Rescue of aldh5a1−/− mice from premature lethality – mTOR-independent inducers of autophagy

FK-506 (tacrolimus), an inhibitor of calcineurin and an mTOR-independent inducer of autophagy, extended lifespan of aldh5a1−/− mice up to 23 days (n=4, 75% survival to 20 days, 5 mg/kg, p=ns). NF-449, a suramin analog and P2X1 inhibitor, induces autophagy through impaired binding of the G protein Gsα-s NF-449did not extend lifespan (n=5, 60% survival to 22 days, 5 mg/kg, p=ns). Trehalose, a disaccharide which induces autophagy independent of mTOR, extended lifespan of aldh5a1−/− mice up to 23 days of life (n=4, 50% survival to 21–22 days, 100 mg/kg, p=ns). Tat-Bec1, an autophagy inducing peptide potentially acting through GAPR-1 (Shoji-Kawata et al. 2013), extended the lifespan of one aldh5a1−/− mouse to 50 days (n=5, 50% survival to 17–20 days, 5 mg/kg, p=ns) and one aldh5a1−/− mouse to 47 days of life (n=4, 50% survival to 20 days, 25 mg/kg, p=ns) (Fig. 2).
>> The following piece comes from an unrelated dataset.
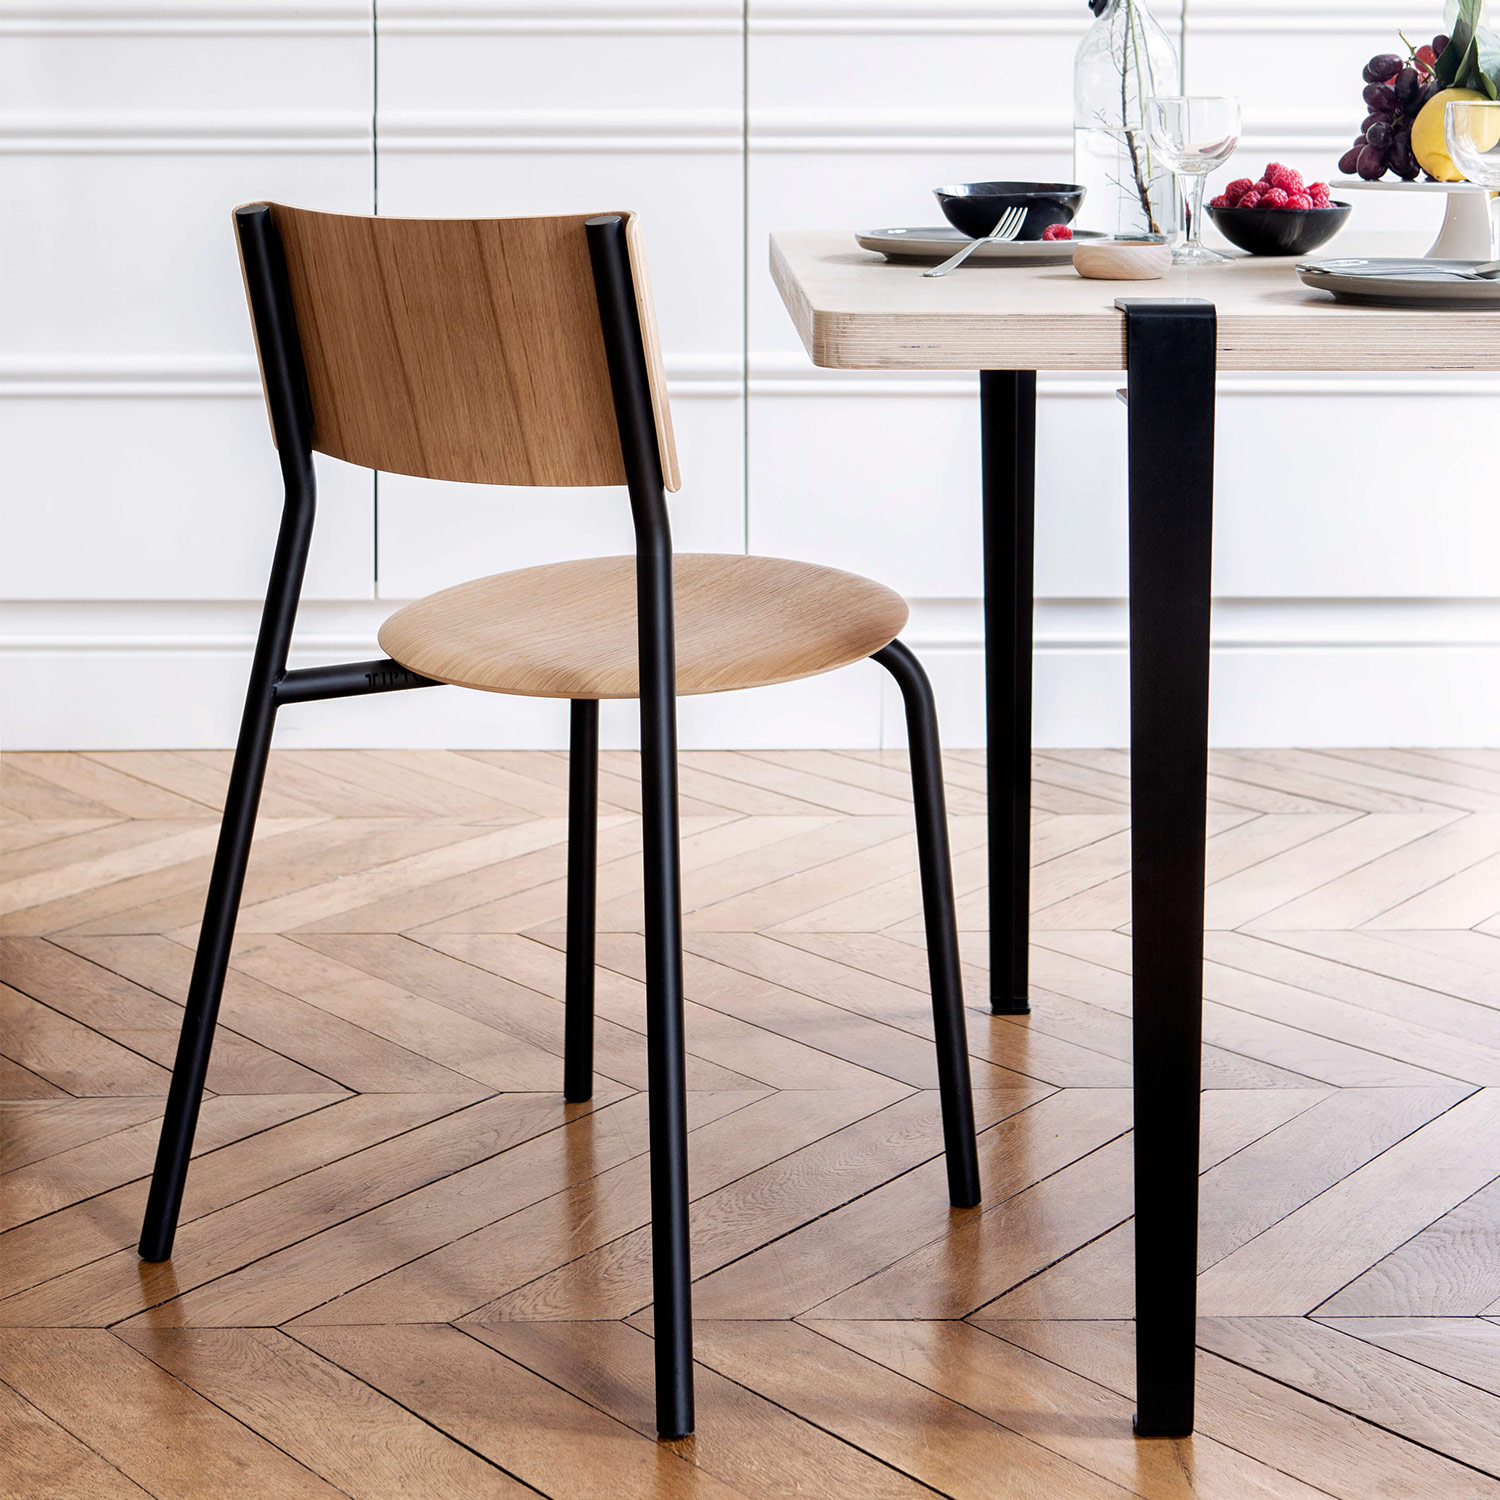 Table and desk leg – 75 cm

Improved body weight in aldh5a1−/− mice via mTOR

In addition to early lethality, aldh5a1−/− mice are runted and essentially show little capacity for weight gain from birth until death. The only effective mechanism thus far for induction of weight gain in this animal has been the ketogenic diet (Nylen et al. 2008b). In our study, we monitored weight gain as a function of drug intake (Fig. 3). Fig. 3 presents body mass for the longest lived individual mouse as a function of drug intervention. In our hands, weight gain (best to worst) revealed the following trend: XL-765 >Tor1~ Tor 2~tat-Bec1 > rapamycin.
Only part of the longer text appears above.